What is Media Scan on E-Series storage systems?

Last updated

Mar 29, 2024
Save as PDF
Share
1. Share
2. Tweet
3. Share

Views:: 2,453

Visibility:: Public

Votes:: 7

Category:: e-series-systems

Specialty:: esg

Last Updated:: 3/29/2024, 6:12:10 AM

Applies to

E-Series Controller Firmware 6.xx
E-Series Controller Firmware 7.xx
E-Series Controller Firmware 8.xx

Answer

Check Active IQ if this impacts your systems

Media scan is a process that, when enabled, runs during idle time to check the physical disks in a volume.
- It works to ensure that the sectors are readable, and if Redundancy Check is enabled, will check RAID parity for consistency.
- In the event that it finds issues with sectors or data-parity mismatches, these are reported to the Major Event Log (MEL) so that the user is aware of any issues.
The process runs at a predetermined rate.
- For example, if a 30-day interval is selected when enabling it (though this interval is customizable), it will scan that volume at a rate that would take 30 days to complete.
- However, since media scan only operates during idle time, the actual time for completion might be longer, as it gives priority to host IO over media scan operations.
- Once the operation completes, it will automatically start over, so that the drives in the background are constantly checked.
The limitation to this is that an issue will not be discovered until the controllers are scanning the part of a drive that contains errors.
- Thus, if a drive develops bad sectors or corruption one day after it was last scanned, it will not be detected until the next time the scan runs over that region of the drive (or until the error is found during some other operation).
Any performance hit to the host IO is negligible.
- Media scan will pause to give priority to the host IO, but the initial response time might be very minutely delayed to switch from media scan to service the IO.
- For most purposes, this will not be noticeable.
Media Scan errors as reported in the MEL

Reported Error	Description	Result
Unrecovered media error	The data could not be read on its first attempt, or on any subsequent 2 retries.	If any of the 3 tries is successful, the data is returned to the host.

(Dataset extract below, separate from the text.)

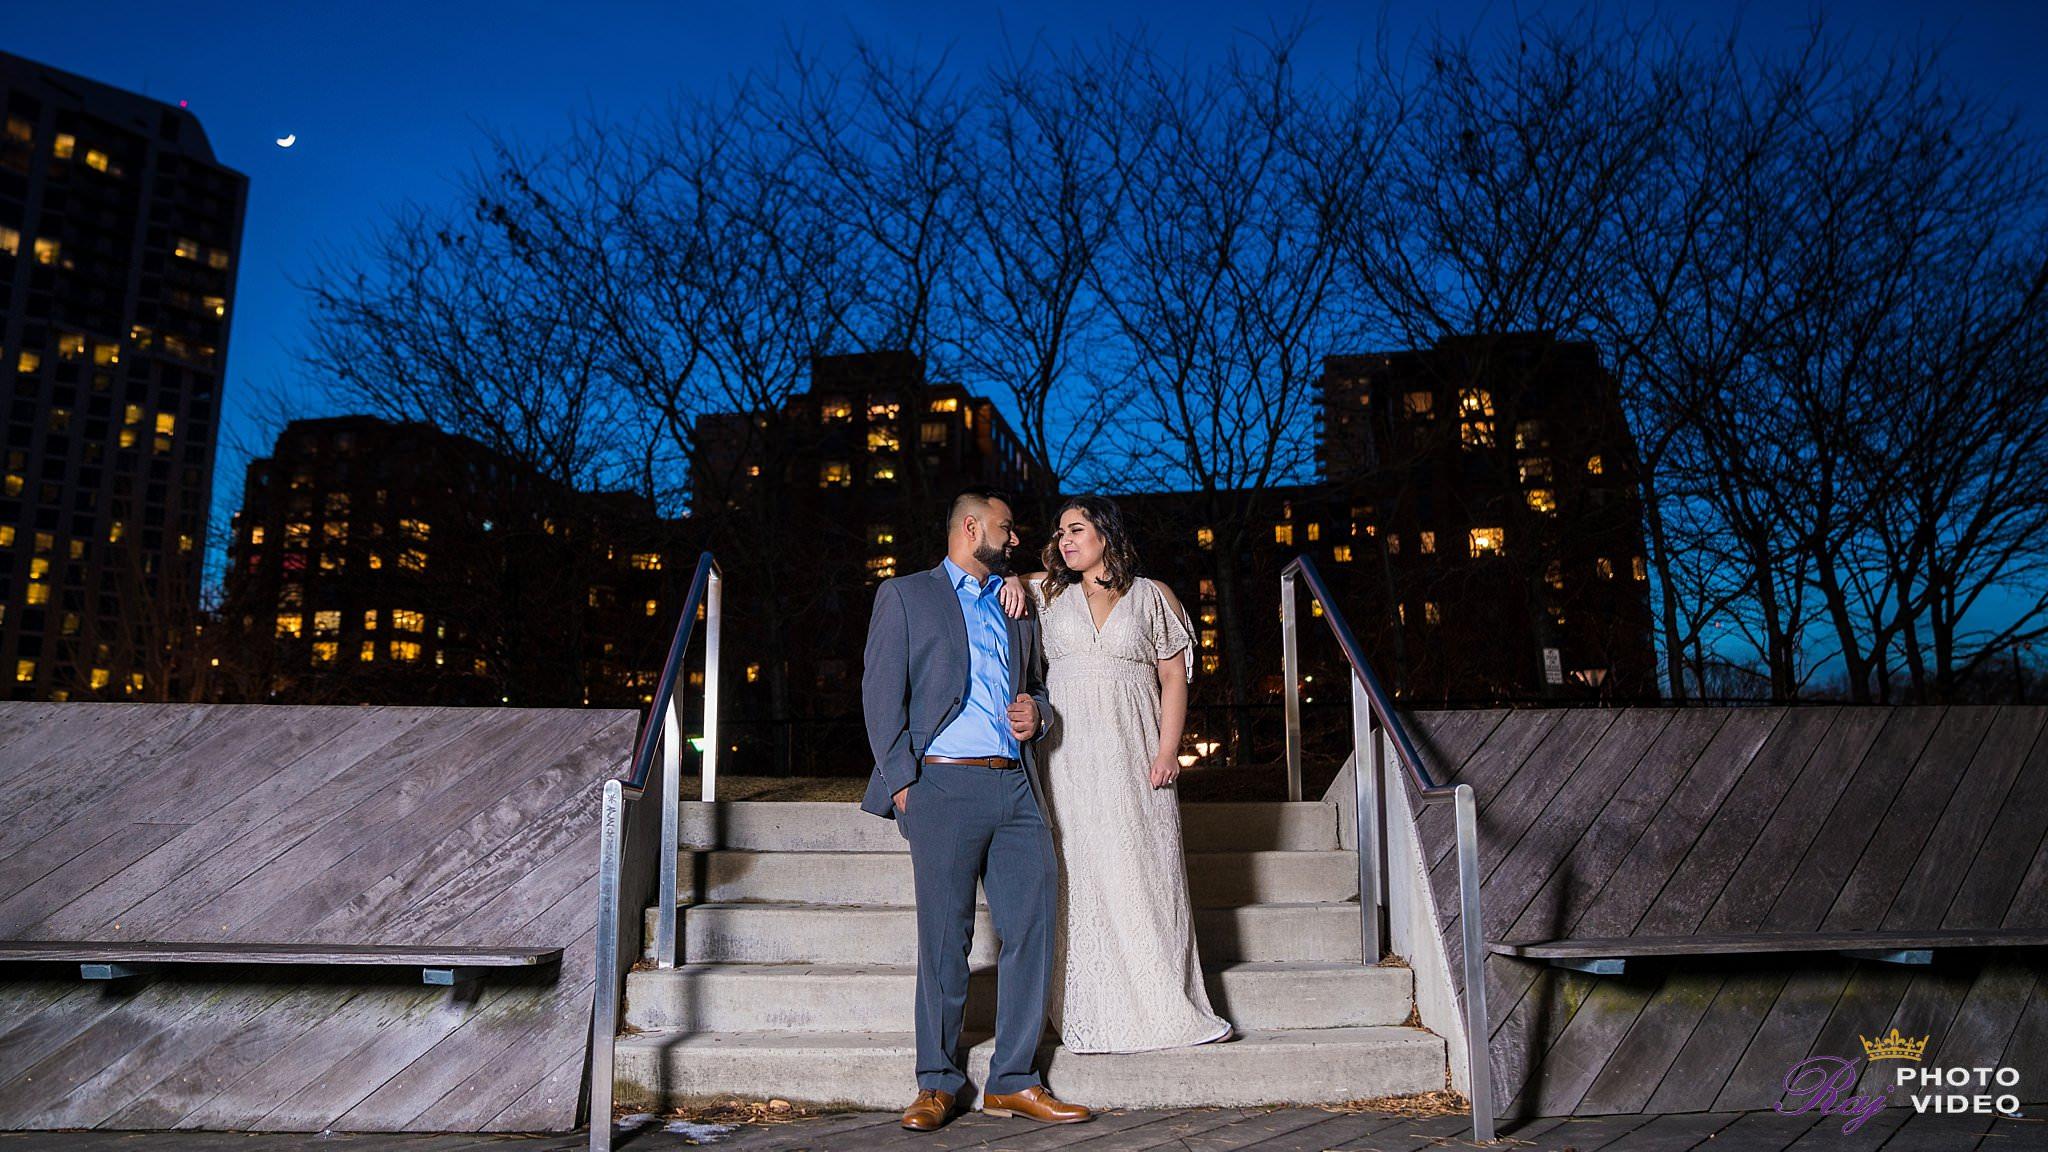 Hoboken-Pier-Engagement-Shoot-Zalak-Parag-00019_Raj_Photo_Video.jpg

If the read retries are unsuccessful, except for RAID 0, attempt error correction via VDD Repair
Recovered media error	The drive could not read the requested data on its first attempt, but succeeded on a subsequent attempt.	Data is written to the drive and verified.
Redundancy mismatches	Redundancy errors are found.	The first 10 redundancy mismatches found on a logical drive are reported. Operating system data checking operations should be executed.
Unfixable error	The data could not be read, and parity or redundancy information could not be used to regenerate it.	An error is reported.

Additional Information

VDD repair:

The VDD Repair starts by reading the data from the RAID stripe + the parity from the stripe.
The VDD Repair then calculates from data+parity of the stripe the data that resides in the unreadable sector of the drive.
If the data is reconstituted successfully from data+parity from the rest of the stripe, the read is returned to the host.
If the VDD Repair is successful, then it does a 'Write Verify' SCSI operation. This writes the reconstituted data to the unreadable sector, and then immediately reads it back.
If the VDD Repair fails (the data is unable to be reconstituted due to a bad read on another drive (in a RAID5), or a degraded RAID group (not enough redundancy), then the affected LBA in the RAID Volume is marked as an 'Unreadable Sector' (ends up in the USM log), and an error is returned to the host. The data at that LBA is lost if we reach this point.
In the background, the Write Verify to the 'bad' sector of the drive will result in the drive firmware reallocating the physical sector (transparently to the E-Series controllers).